• To do:
I would like the lines below, from the one with "Вязаный чехол для чашки Ohaina цвет какао" through the one with "Hélicoptère, sauvetage", copied exactly and without any pictures.

• Extracted information:
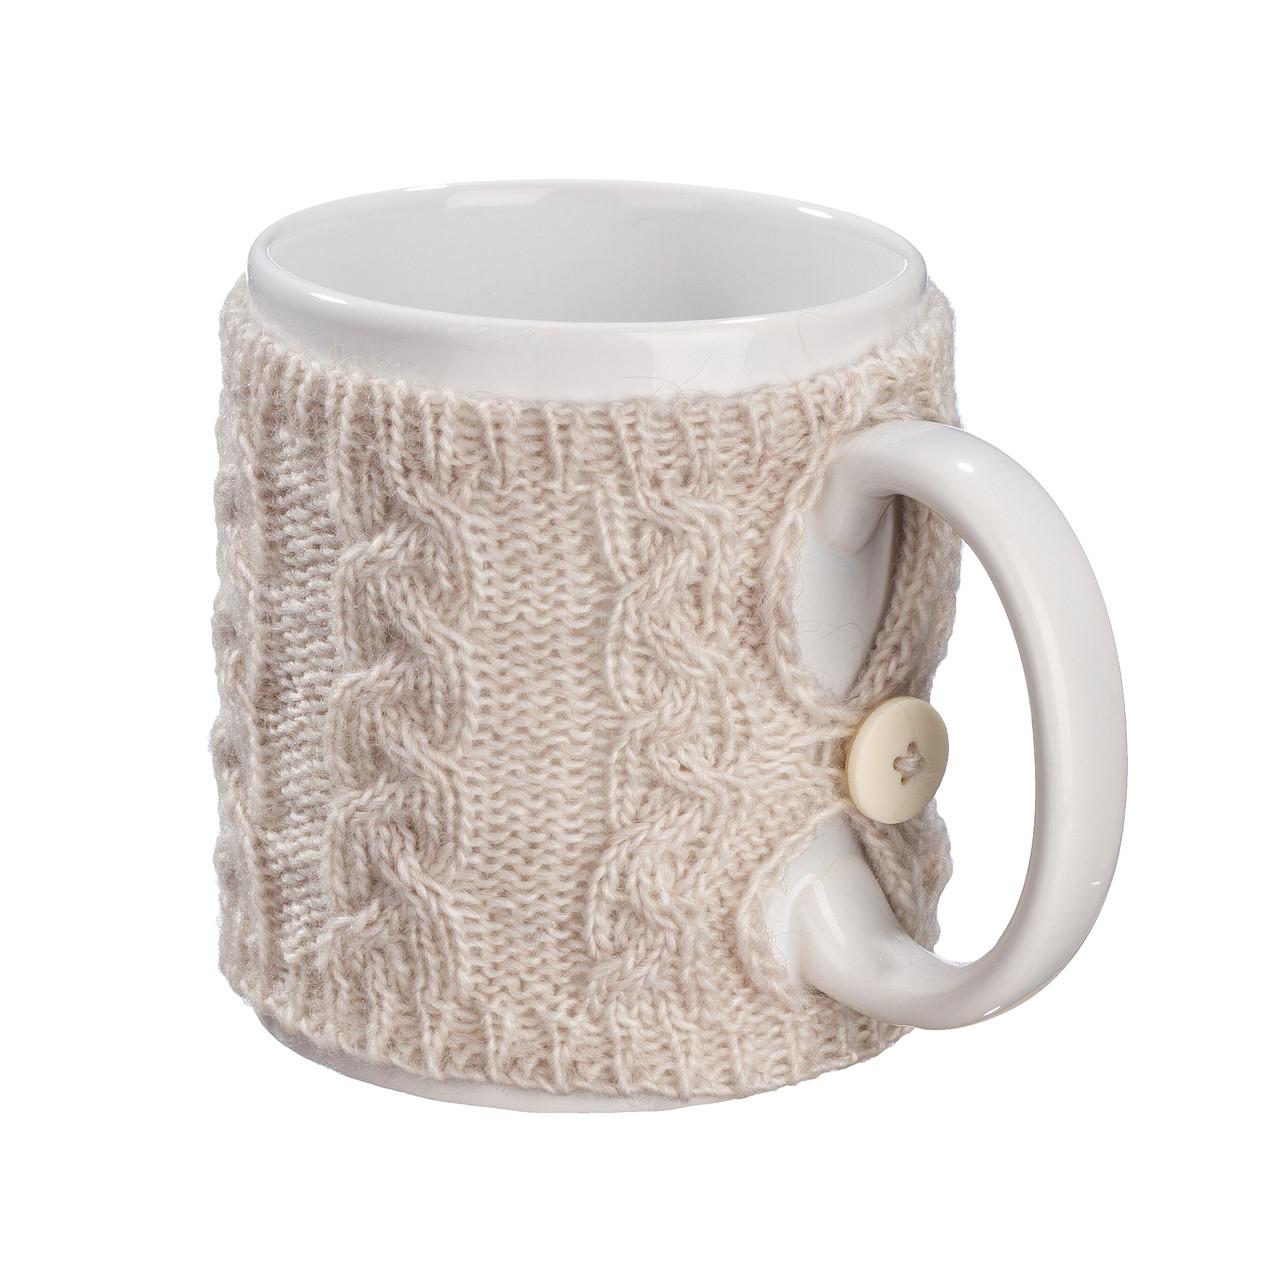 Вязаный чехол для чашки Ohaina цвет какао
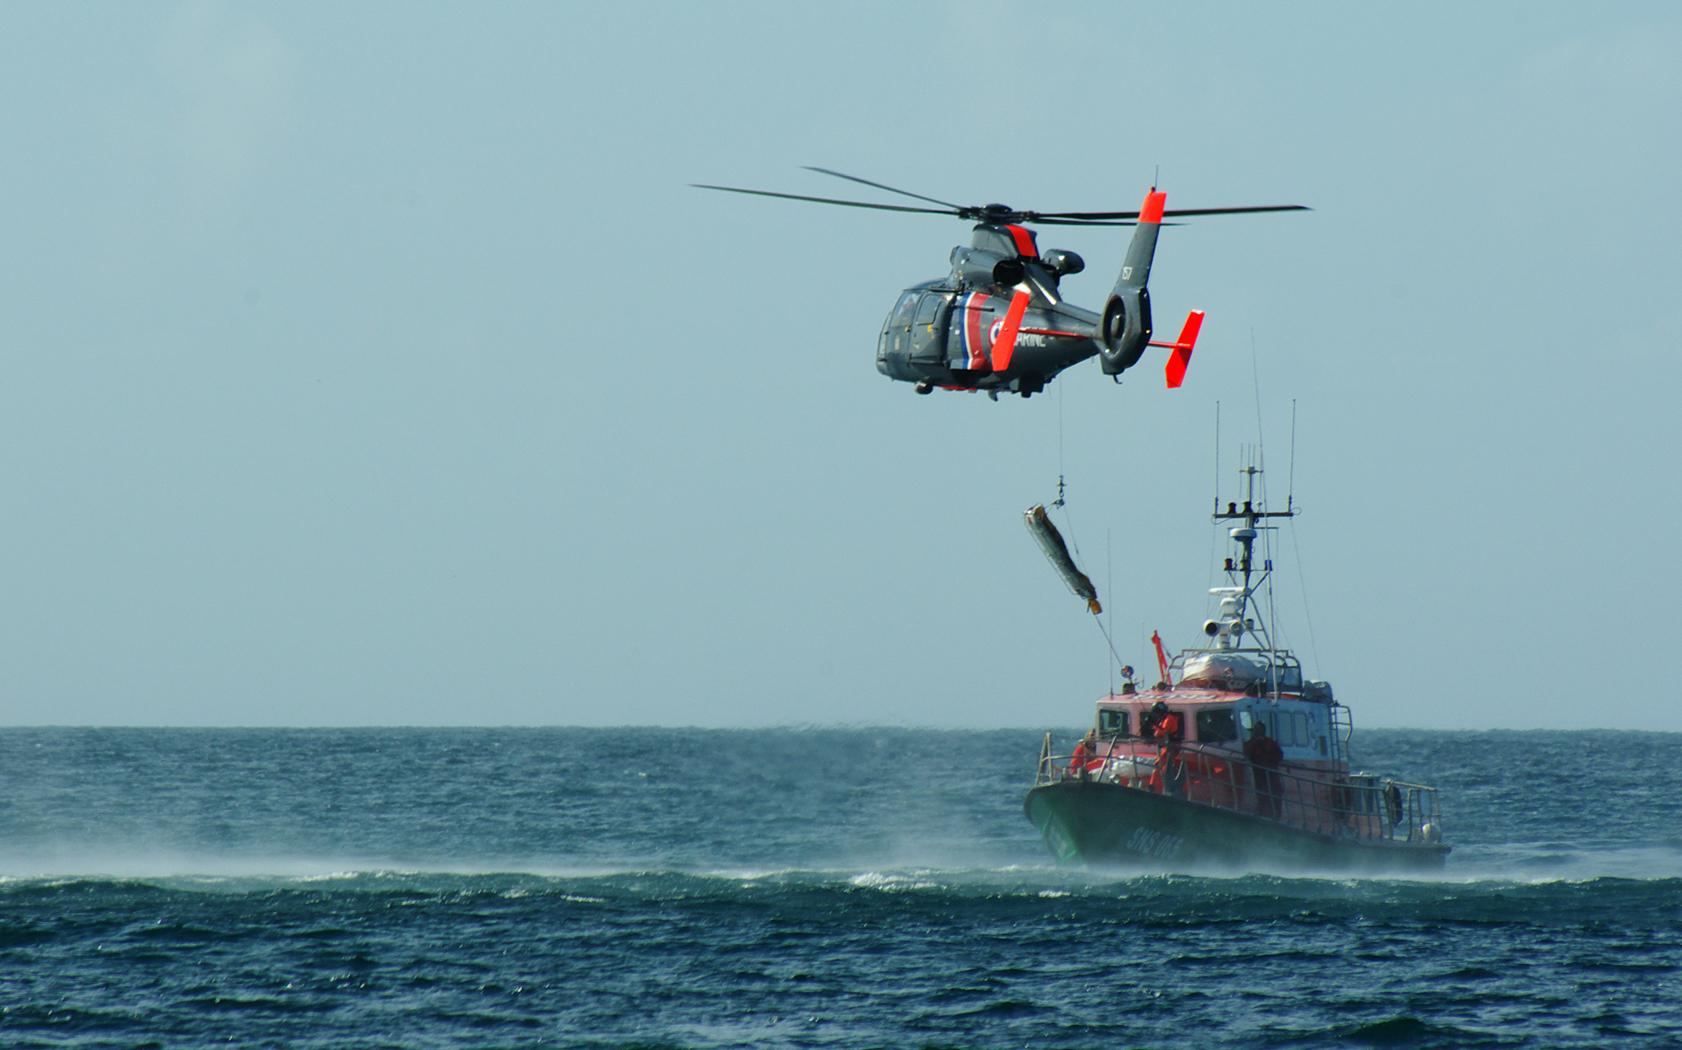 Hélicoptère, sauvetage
---
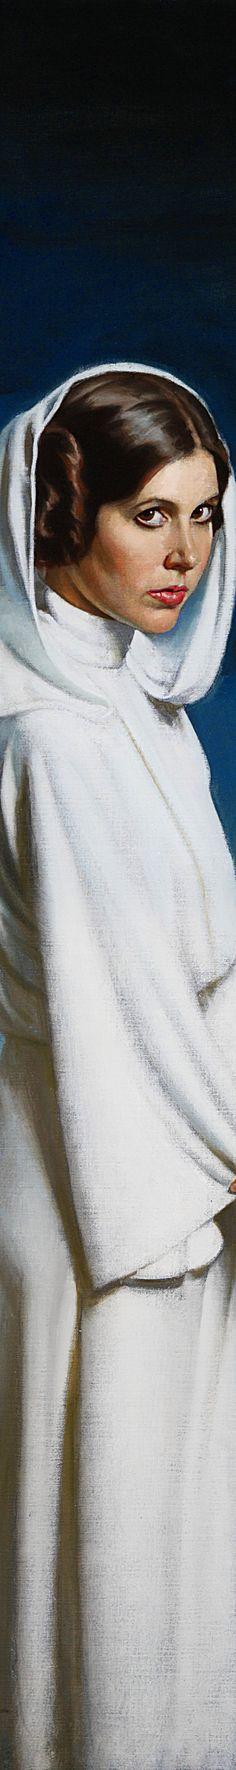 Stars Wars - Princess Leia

• Exercise response:
 Вязаный чехол для чашки Ohaina цвет какао
 Hélicoptère, sauvetage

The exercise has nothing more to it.